Perhaps the most exciting debut of the year was the introduction of e-Books in early May. The KLS Department carefully selected a core collection comprised of current bestsellers, books of general interest, and a strong group of classic and contemporary business titles. The latter collection is one of the most popular among our e-Books, reflecting the popularity of the format among commuters.

The primary departmental focus continues to be how to best provide information services to the community. For the past four years the department has focused on the “roving librarian” model, walking the floor and actively seeking patrons who may need assistance. However, telephones, emails, IMs and text messages also need to be answered in a timely fashion. Toward that end, we created a new service model, which redirects the electronically submitted questions to off-desk librarians where they are answered immediately. The public is served with little or no wait while staff time is fully maximized.

The Travel, Large Print, and Finance collections all received special attention in the past year. The travel collection was expanded to include new travel series, as well as multiple copies of current popular guides like Frommer’s and Foder’s series. New Large Print material is now located on the Main Level next to the fireplace in the Fiction area, creating a warm and welcoming browsing environment.

This year I was invited to speak about our innovative Glade system to the staff of the Camden (ME) Public Library, Billerica (MA) Public Library, and at the Massachusetts Library Association Annual Meeting. Blanche Parker presented on ILL and Copyright Practices at the Connecticut Library Association Annual Meeting. Janet Davis and Erica Bess attended BookExpo America in New York City, the preeminent conference for the publishing industry. I attended Computers in Libraries (Washington, DC), learning the latest in computer research techniques, the mobile library, and trends in e-Books. Darien Library continues to be an early adopter in most fields and we are creating applications that most libraries haven’t begun to consider. Erica Bess and I attended the American Library Association Annual Meeting (New Orleans) at the end of June, once again focusing on emerging trends in technology as well as the practical aspects of issues we face on a daily basis.
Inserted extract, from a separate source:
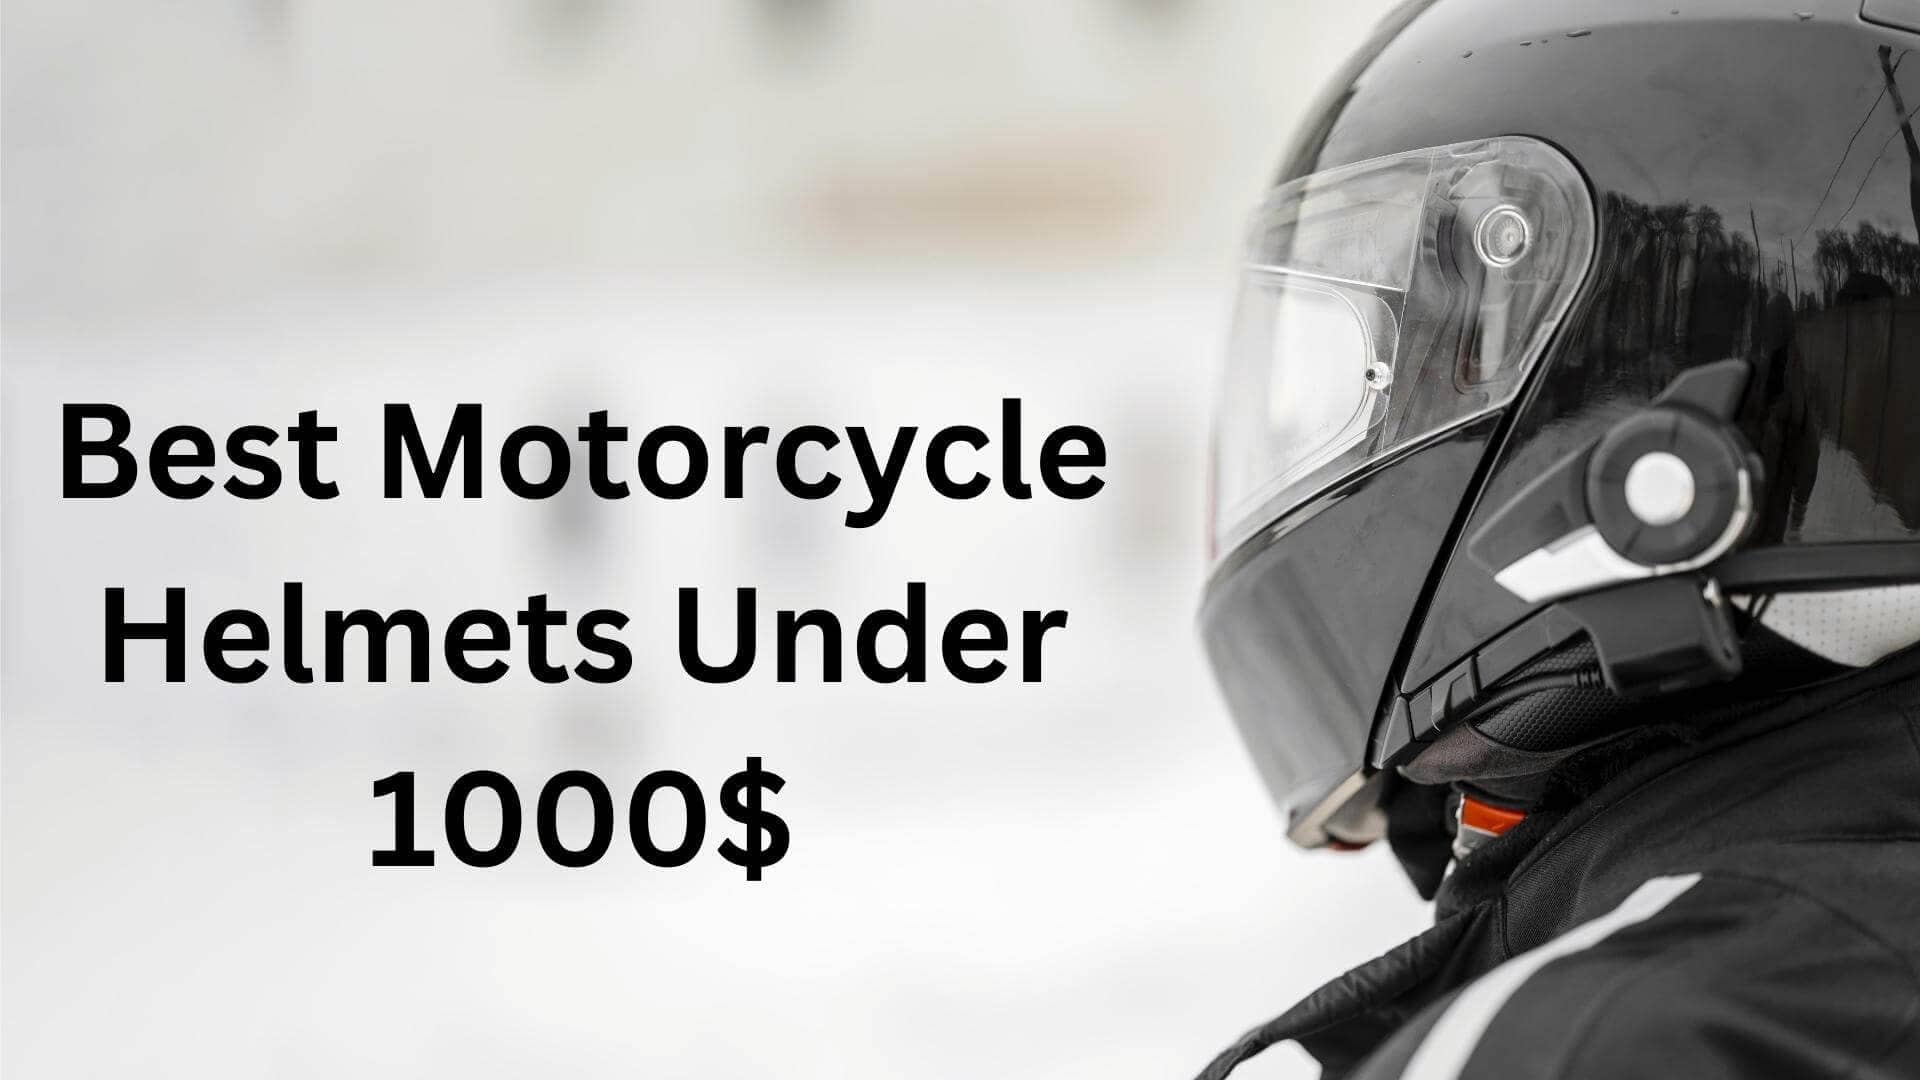 Top 5 Best Motorcycle Helmet Under 1000 Dollars!

Caroline Mandler Lopez and Erin Shea joined the KLS staff as part-time weekend assistants in September. After a wonderful year, it was with great pleasure that both accepted full-time positions, Caroline as a KLS Librarian and Erin as the Head of Adult Programming.

After 15 years as a reference librarian, Janet Davis moved from the front lines to the Materials Management Department, overseeing serials management, Children’s, YA and audiovisual materials. Erica Bess, part of the KLS Department since May 2010, left at the end of June to become Team Leader of the Information Department at the Princeton (NJ) Public Library. Erica’s short tenure played to her strengths and was a tremendous asset to the department.
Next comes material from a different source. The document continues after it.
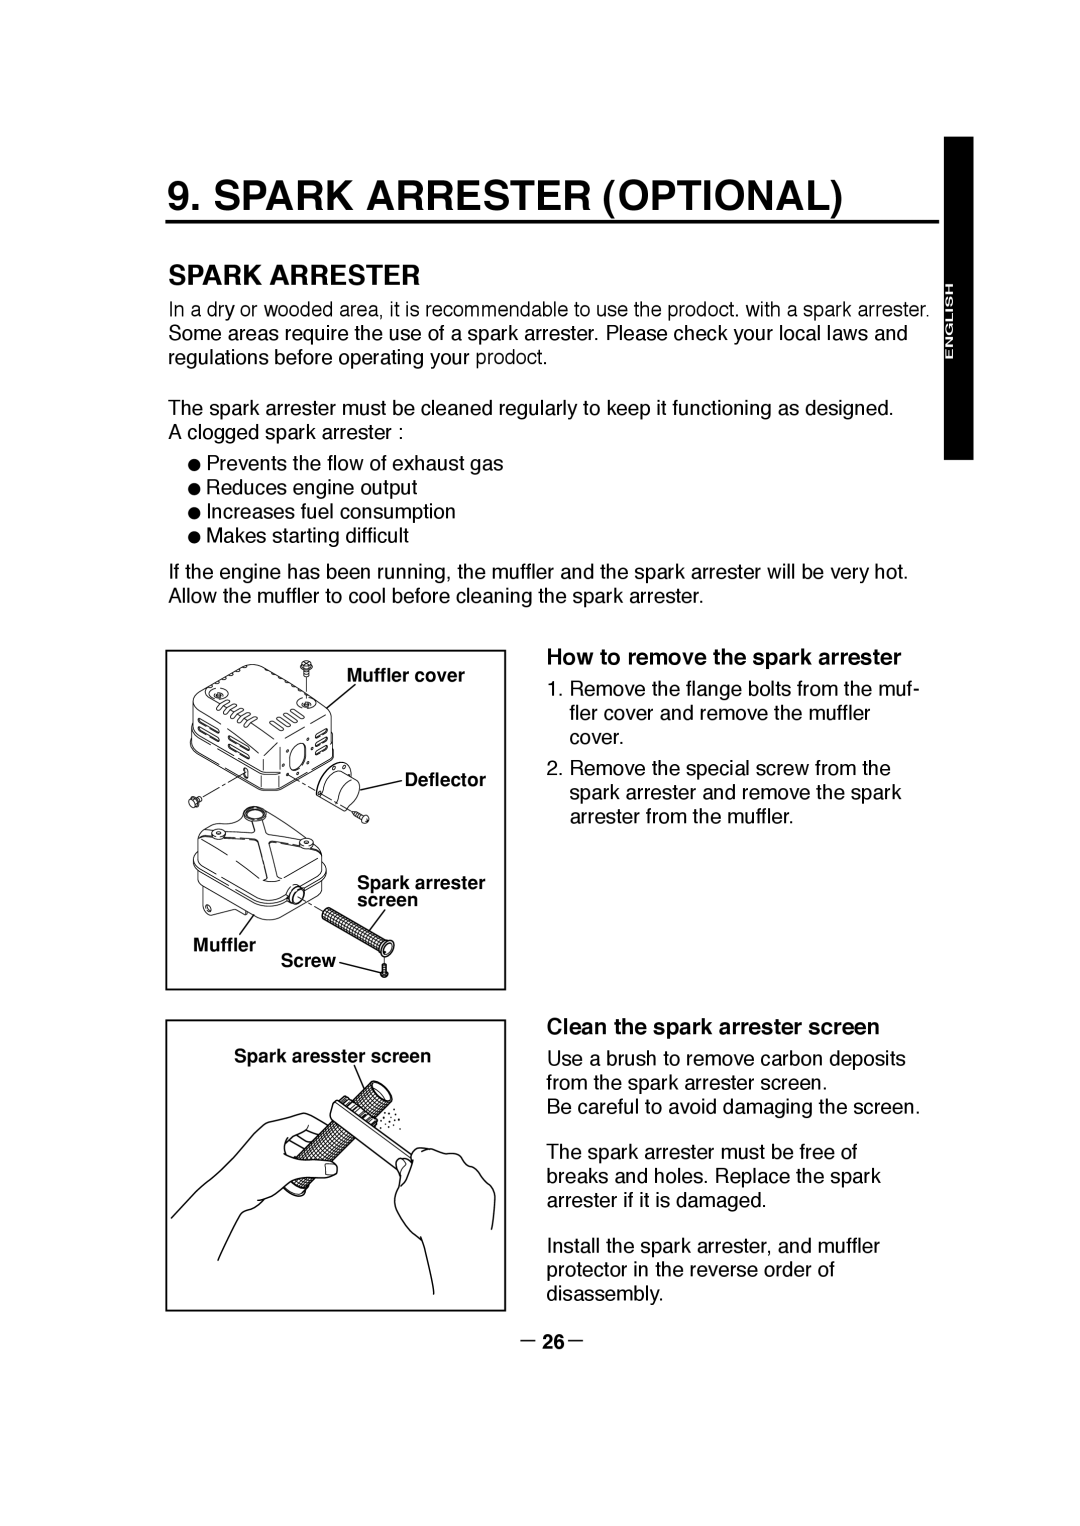 Makita EW220R, EW320TR Spark Arrester Optional, － 26－, How to remove the spark arrester, Clean the spark arrester screen

One of the most important components of excellent service is the continued ability to understand and meet the needs our community. While answering questions and providing information are our stock in trade, our services are designed to help in any number of ways. The nooks and crannies of the new building make a large space feel intimate, whether looking for a quiet place to study or read a magazine, or finding a private area to conduct business. This year exam periods and extreme weather found us full to overflowing, and as librarians we were at our best when pushed to the limit, always committed to providing extreme customer service.